_To do_
Somewhere below are a line with "Boku no Hero" and a later line with "NY - Albany Co Sheriff". Output exactly those lines and all lines between them.

(Source records)
..............................

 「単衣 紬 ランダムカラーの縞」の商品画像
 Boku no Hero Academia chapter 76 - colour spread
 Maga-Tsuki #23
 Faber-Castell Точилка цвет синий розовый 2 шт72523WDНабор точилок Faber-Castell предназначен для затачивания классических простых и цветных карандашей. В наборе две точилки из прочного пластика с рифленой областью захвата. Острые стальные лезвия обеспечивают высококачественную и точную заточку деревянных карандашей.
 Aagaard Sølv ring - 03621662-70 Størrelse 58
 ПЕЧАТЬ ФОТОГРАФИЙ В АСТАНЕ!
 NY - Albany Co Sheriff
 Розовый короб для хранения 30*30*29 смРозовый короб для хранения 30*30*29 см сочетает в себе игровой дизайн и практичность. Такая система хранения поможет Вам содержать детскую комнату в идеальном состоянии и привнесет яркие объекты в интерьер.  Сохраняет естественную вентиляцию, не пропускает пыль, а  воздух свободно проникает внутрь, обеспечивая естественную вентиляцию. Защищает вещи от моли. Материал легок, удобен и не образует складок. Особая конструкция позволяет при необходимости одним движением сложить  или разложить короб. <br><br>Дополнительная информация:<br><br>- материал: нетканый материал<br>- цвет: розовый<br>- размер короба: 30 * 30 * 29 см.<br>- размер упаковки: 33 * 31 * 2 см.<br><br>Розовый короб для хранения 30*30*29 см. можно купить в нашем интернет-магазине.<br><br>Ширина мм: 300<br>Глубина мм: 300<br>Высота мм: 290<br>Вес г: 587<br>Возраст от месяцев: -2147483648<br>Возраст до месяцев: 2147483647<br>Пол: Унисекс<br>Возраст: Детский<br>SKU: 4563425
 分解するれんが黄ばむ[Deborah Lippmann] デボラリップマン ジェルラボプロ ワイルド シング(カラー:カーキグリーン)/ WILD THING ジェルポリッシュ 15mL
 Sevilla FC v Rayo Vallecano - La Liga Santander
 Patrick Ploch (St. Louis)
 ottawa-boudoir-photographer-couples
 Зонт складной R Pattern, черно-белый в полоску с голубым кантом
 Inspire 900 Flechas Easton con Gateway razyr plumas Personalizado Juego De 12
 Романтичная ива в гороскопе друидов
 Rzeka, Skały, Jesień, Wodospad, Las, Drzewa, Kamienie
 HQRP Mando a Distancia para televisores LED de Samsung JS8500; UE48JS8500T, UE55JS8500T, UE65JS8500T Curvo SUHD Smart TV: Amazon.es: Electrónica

..............................

_Solved exercise_
 Boku no Hero Academia chapter 76 - colour spread
 Maga-Tsuki #23
 Faber-Castell Точилка цвет синий розовый 2 шт72523WDНабор точилок Faber-Castell предназначен для затачивания классических простых и цветных карандашей. В наборе две точилки из прочного пластика с рифленой областью захвата. Острые стальные лезвия обеспечивают высококачественную и точную заточку деревянных карандашей.
 Aagaard Sølv ring - 03621662-70 Størrelse 58
 ПЕЧАТЬ ФОТОГРАФИЙ В АСТАНЕ!
 NY - Albany Co Sheriff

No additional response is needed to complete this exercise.